Anyone Retire With Less Than One Million '09-'13

Today at age 55:

1) Portfolio at approximately $900K
2) Rental properties valued at approximately $450K
3) Rental income about $25K, withdrawal from portfolio at about $25K to $30K
4) SS comes online in 6 1/2 years, expecting $20K per year.

I've had a little luck, but so far the plan appears to be working.

+1
It's hard to argue with success. ;)
 
Hi Rita.....

Could you have made it without the pension, employer subsidized health care and future SS? For example, if you were a relative youngster and won a million bux, would you be able to live out a long retirement just on that million bux?

Here's what I think, if all the stars align properly:

You own a home free and clear and are in a community where you will not move for the next 45 years (means you are about 45 years old today)

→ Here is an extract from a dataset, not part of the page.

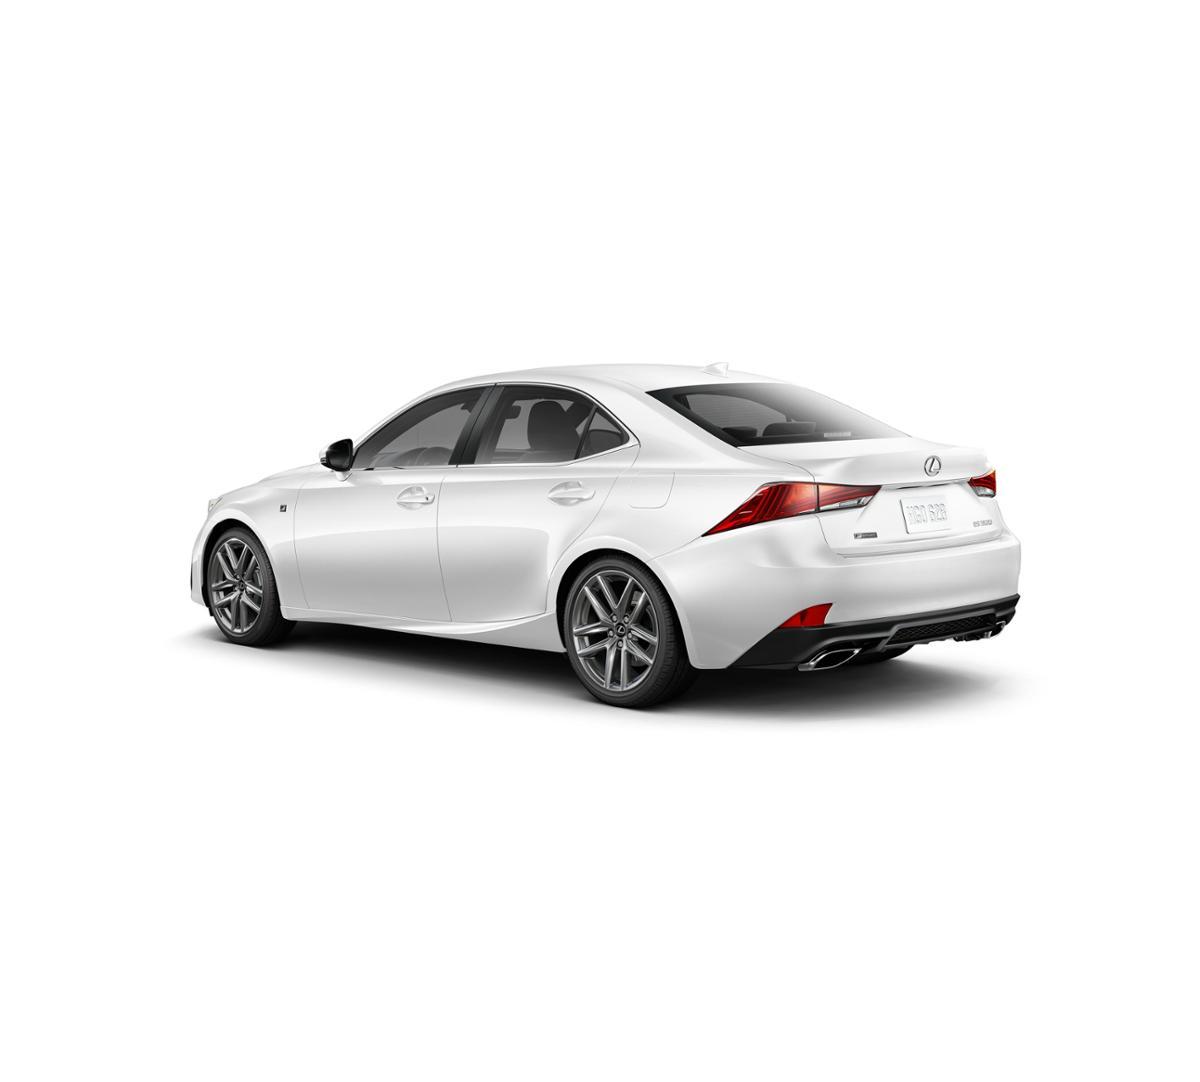 2018 Lexus IS 350 For Sale In Roseville

You live modestly on less than $40,000 a year in today's dollars including taxes

You invest your portfolio in a conservative 40-60 stock/bond mix with bonds being split 10/50/30 between muni's (taxable account)/corporate bonds/treasuries. Everything except the muni's are in index funds or index etfs with the lowest expense ratios possible, in tax-deferred or tax-free accounts, AND you do everything yourself

You stop working at the bottom of the market, not the top of the market.

THEN,

Your portfolio will grow more than your annual expenses and you should be able to make it last 45 years, although the last 5 years or so might be iffy.

Cost of health care is still a question, even with ACA, but Firecalc says this is doable:

$1M today to last 45 years.
No other income, no portfolio changes
Constant spending power ($40,000 spend + inflation)
Portfolio: US Small Value 10%, S&P 500 20%, US Large Value 10%, LT Treasuries 20%, Corp Bond 30%, ST Treasuries 10%

Firecalc doesn't consider International as a category, but most of the S&P 500 and Large Value has international companies.

How much younger than 45 will you be when you stop working?

-- Rita
 
Interesting perspective. I haven't been around long, just a few months. I would've liked to have seen the boards back then. But you're right, I'm sure 2008 scared the pants off some people.

Scared the w*rk slacks off me:LOL::LOL::LOL::2funny:
 
No, but seriously, we did it in 2011 for a year (test). Went back to w*rk for a year (test). Moved back to Playa del Carmen 3 months ago. Testing for 2 years this time with 1.02 mil...

$400k in 401k
$150k home loan to DD
$360k in CD's
$110k in dividend stocks ($8k / yr)
Combined income of about $40k annually.

Living on $25k...so far.
 
I fit into this category...

I ER'ed in march 2011 at the age of 55 with about 800K. Neither my wife nor I have a pension, but will have SS.

- Started saving hard in my late 40's putting 20 percent of salary into ROTH, and 403b also had a 401K, wife had no 401K but got bonuses at xmas we used to fund both ROTHs

- had about 70K in savings and 2.5 yrs later still have 40 k but have infused the income stream with some money from my one rent property and some from trading stocks - about 35k

So after 2.5 yrs we still have about 750k and haven't worked a day. We sold our house and goods and travel full time in an RV all over the USA... life is good for us right now...
 
I retired at age 51 in August 09' with my portfolio at $900K and no pension.

1) Cash $550K
2) 403b $350K
3) Package from former employer equaling approximately 2 1/2 years salary ($250K over three years)
4) Fully funded lifestyle approximately $50K to $55K per year.....

No disrespect but in your case you had over $1 million at the time you retired- $900K + a $250k receivable - but congratulations!